== SUPPLIED INFORMATION
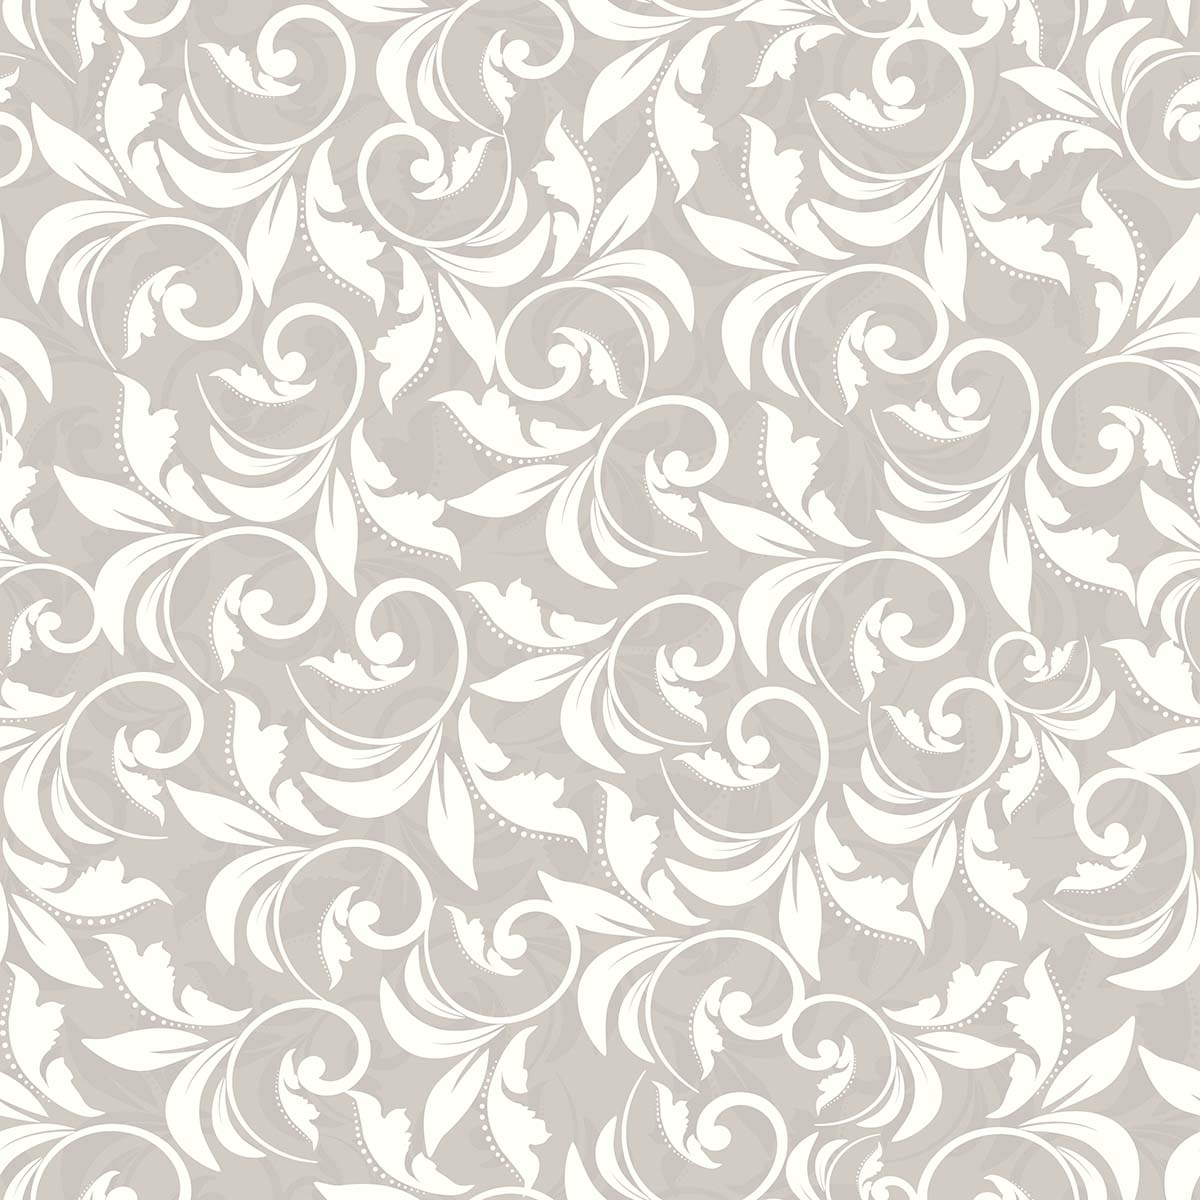 A pattern of white and gray swirls
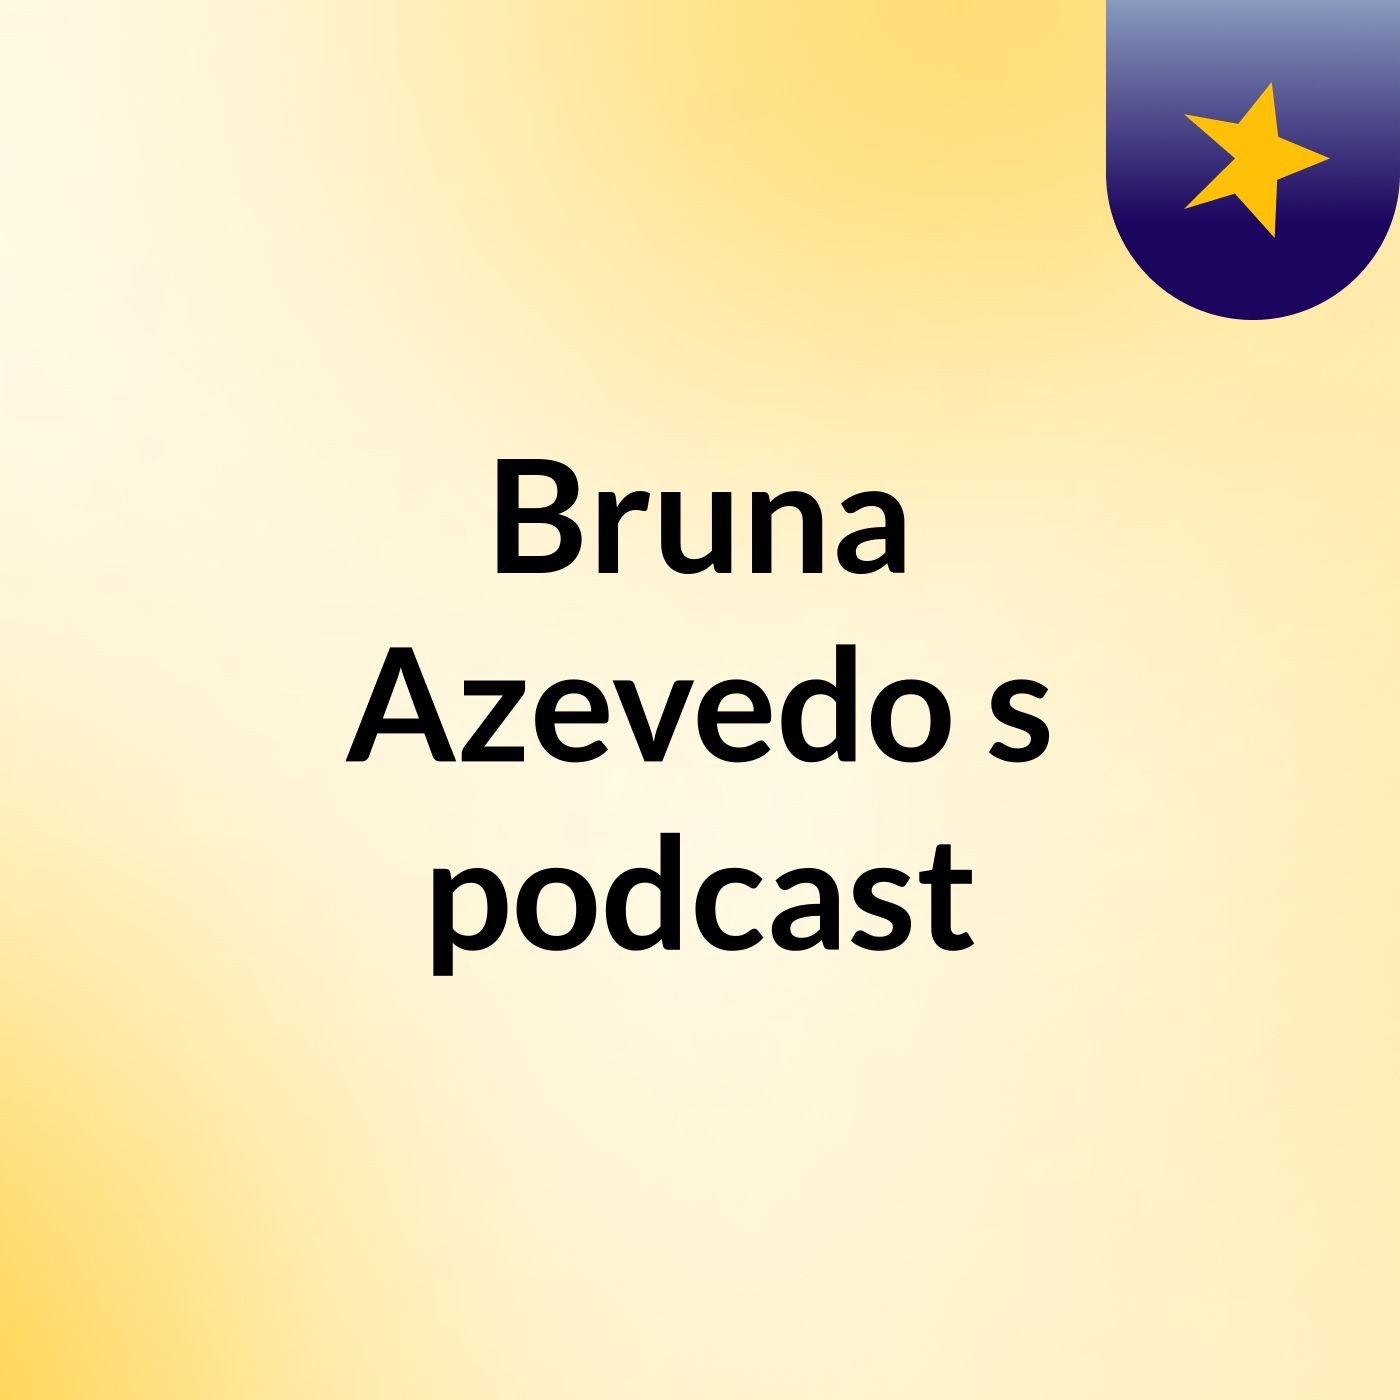 Bruna Azevedo's podcast
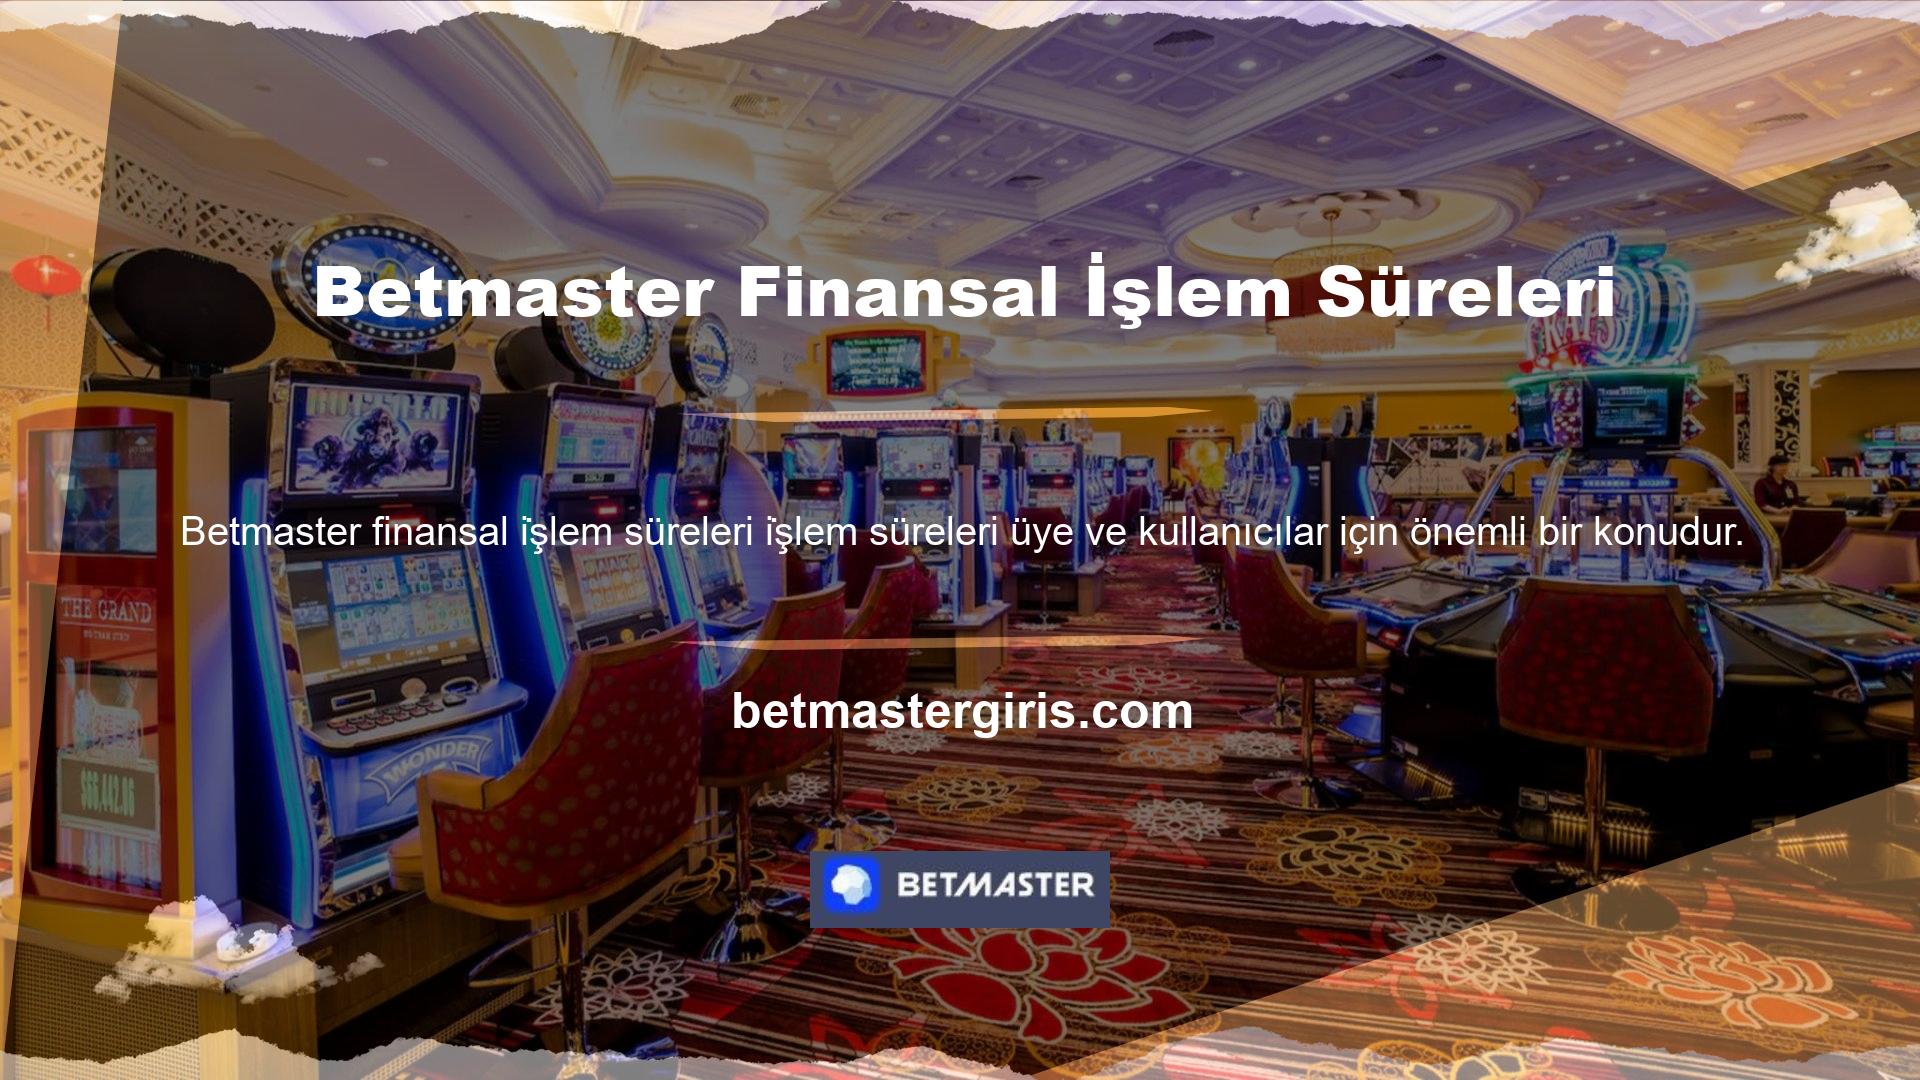 Betmaster bahis sitesi, finansal işlemlerin süresi ve bahis ödeme yöntemlerinin güvenilirliği ile karakterize edilir
====
From the line containing "Bruna Azevedo's podcast" to the end of the listing, restate each line word for word and nothing more; the pictures stay out.

(RESULT):
 Bruna Azevedo's podcast
 Betmaster bahis sitesi, finansal işlemlerin süresi ve bahis ödeme yöntemlerinin güvenilirliği ile karakterize edilir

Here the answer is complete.